Data excerpt:
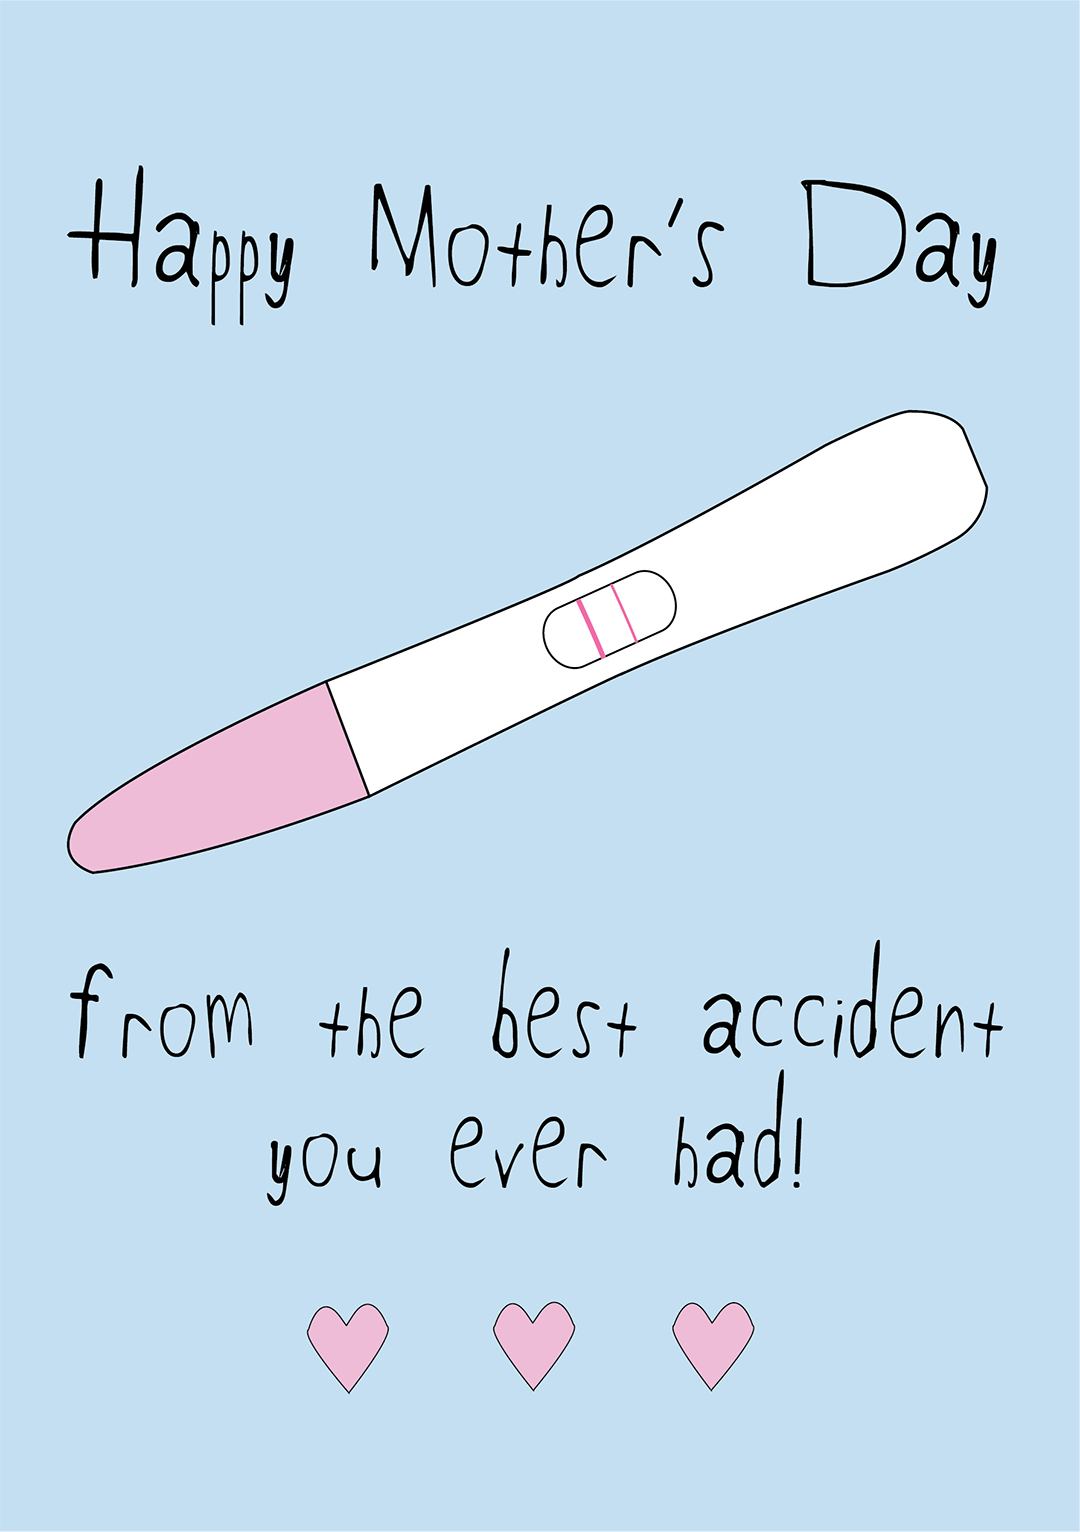 From The Best Accident You Ever Had - Mother's Day Card
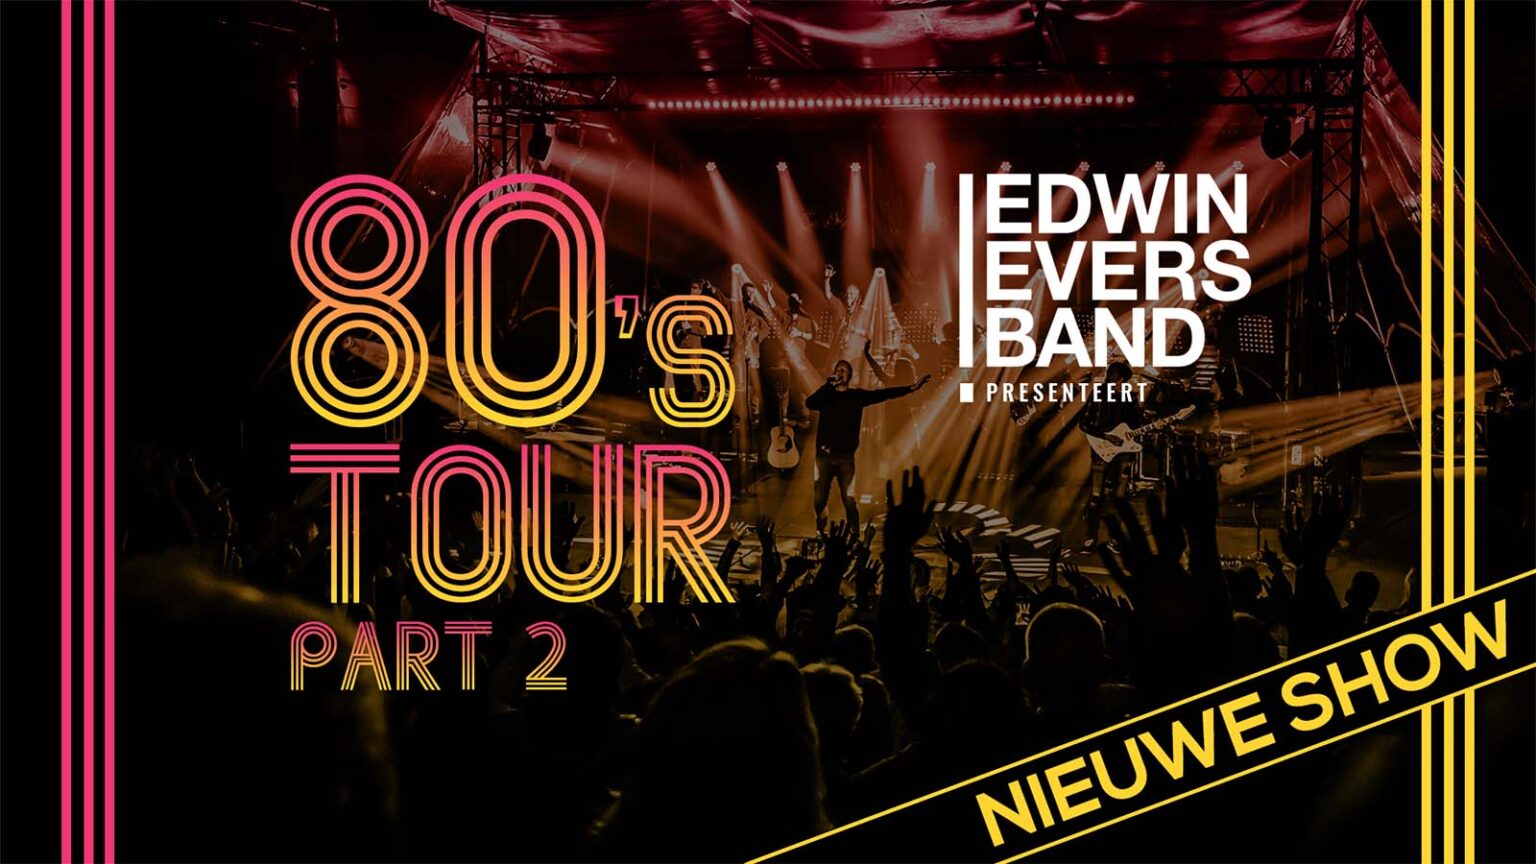 Edwin Evers Band 80’s tour
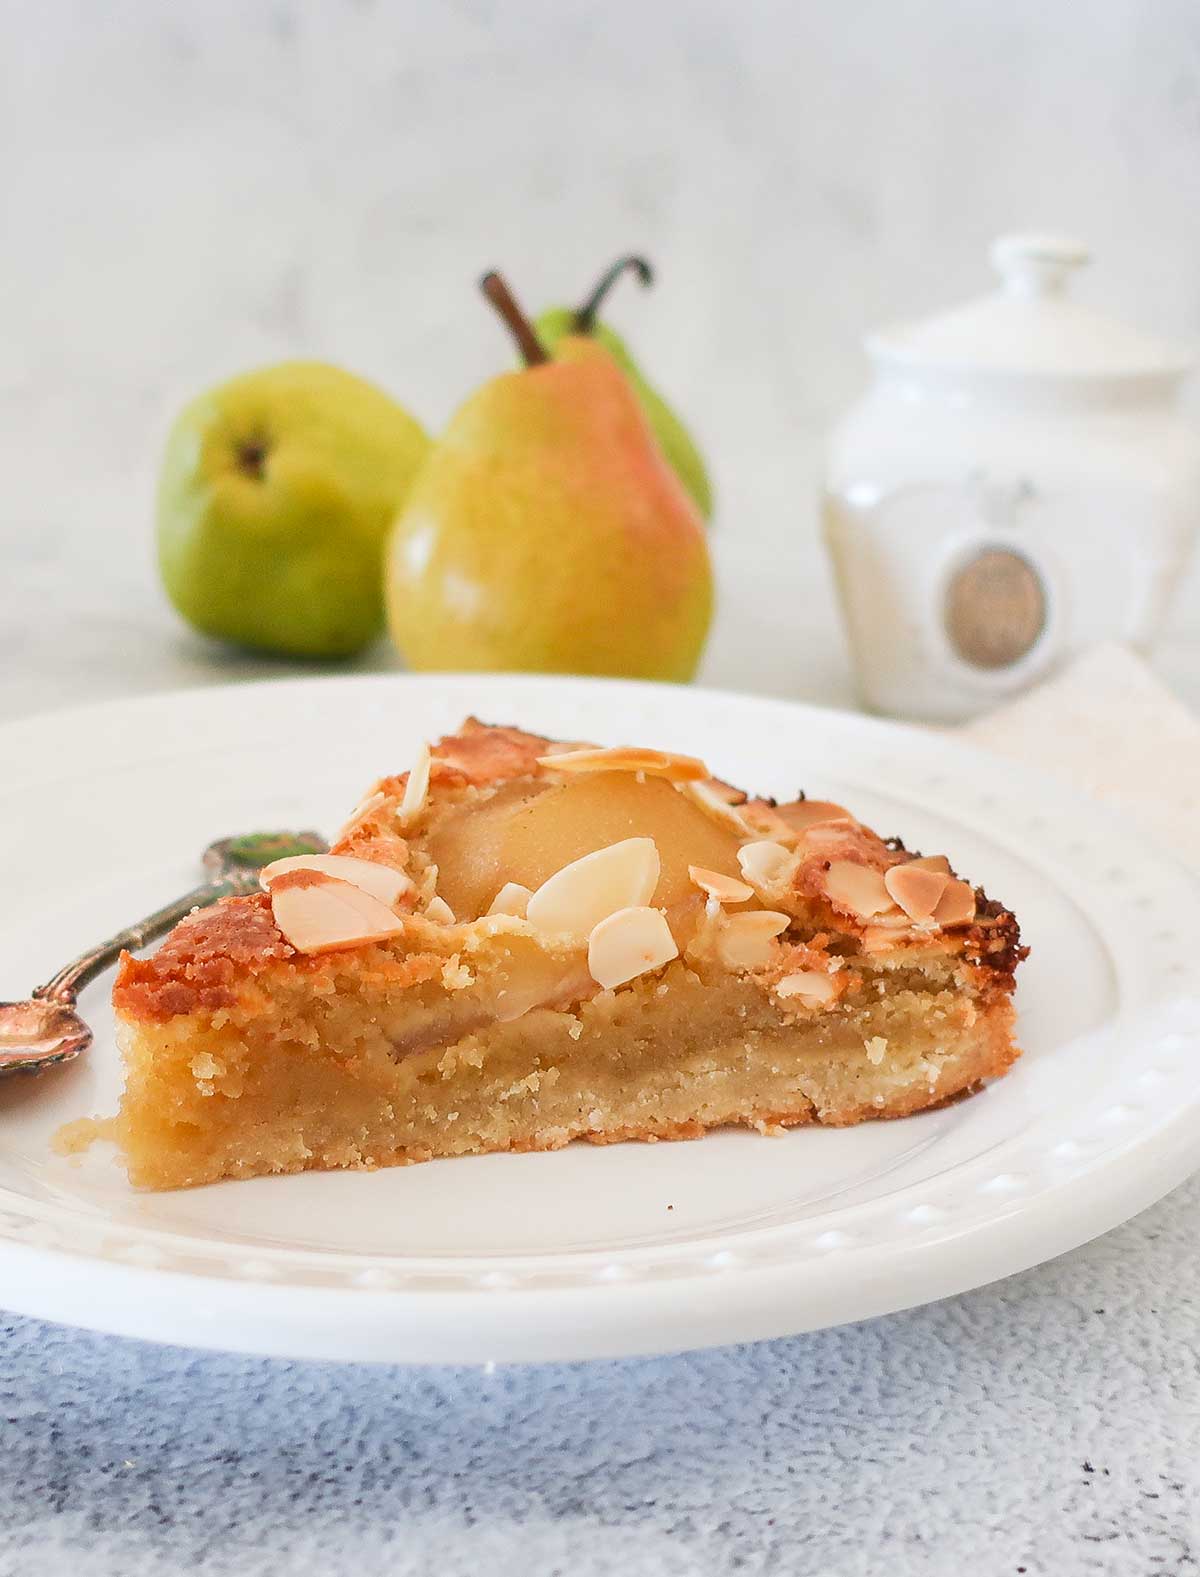 Pear Frangipane (Pear and Almond) Tart - Cooking with Team J
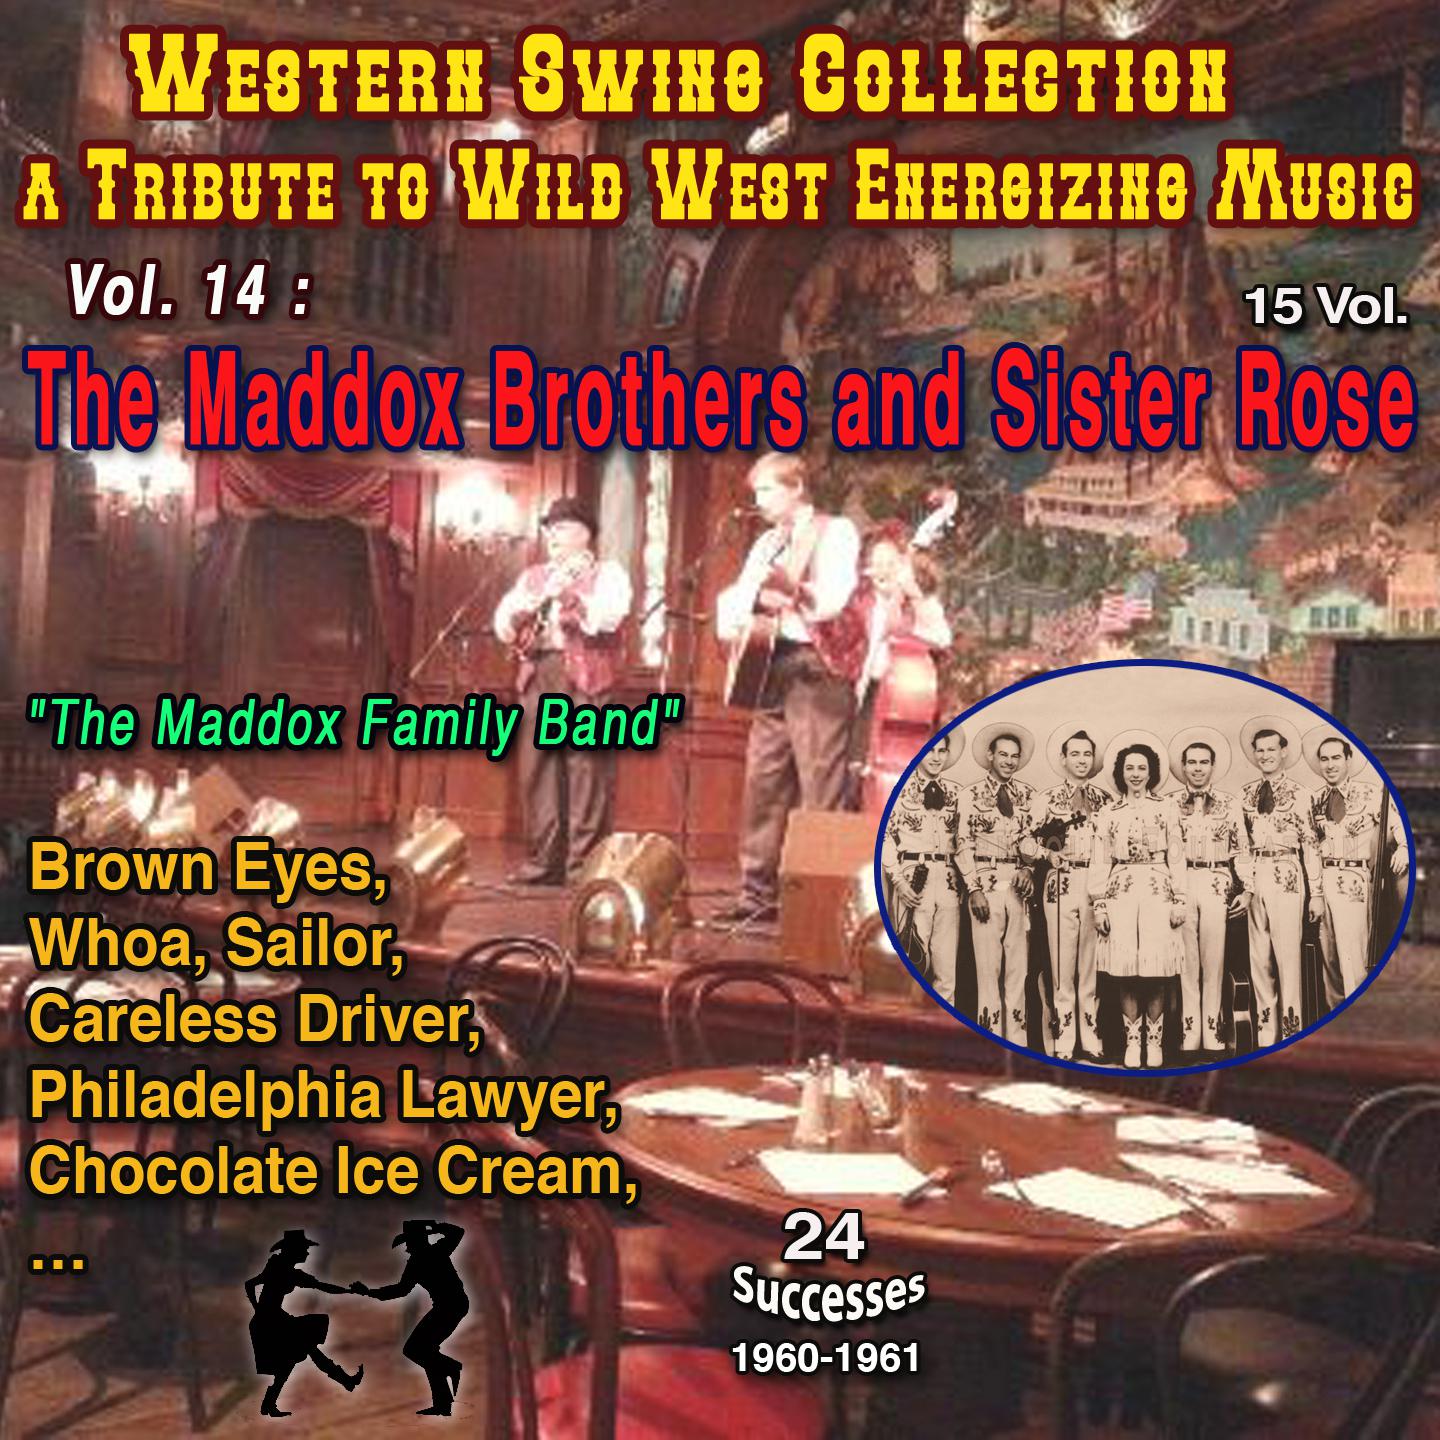 Постер альбома Western Swing Collection : a Tribute to Wild West Energizing Music 15 Vol. Vol. 14 : The Maddox Brothers and Sister Rose "America's most colourful Hillibily Band"

To do:
Word for word, restate the whole listing and drop the images.

Problem solution:
 From The Best Accident You Ever Had - Mother's Day Card
 Edwin Evers Band 80’s tour
 Pear Frangipane (Pear and Almond) Tart - Cooking with Team J
 Постер альбома Western Swing Collection : a Tribute to Wild West Energizing Music 15 Vol. Vol. 14 : The Maddox Brothers and Sister Rose "America's most colourful Hillibily Band"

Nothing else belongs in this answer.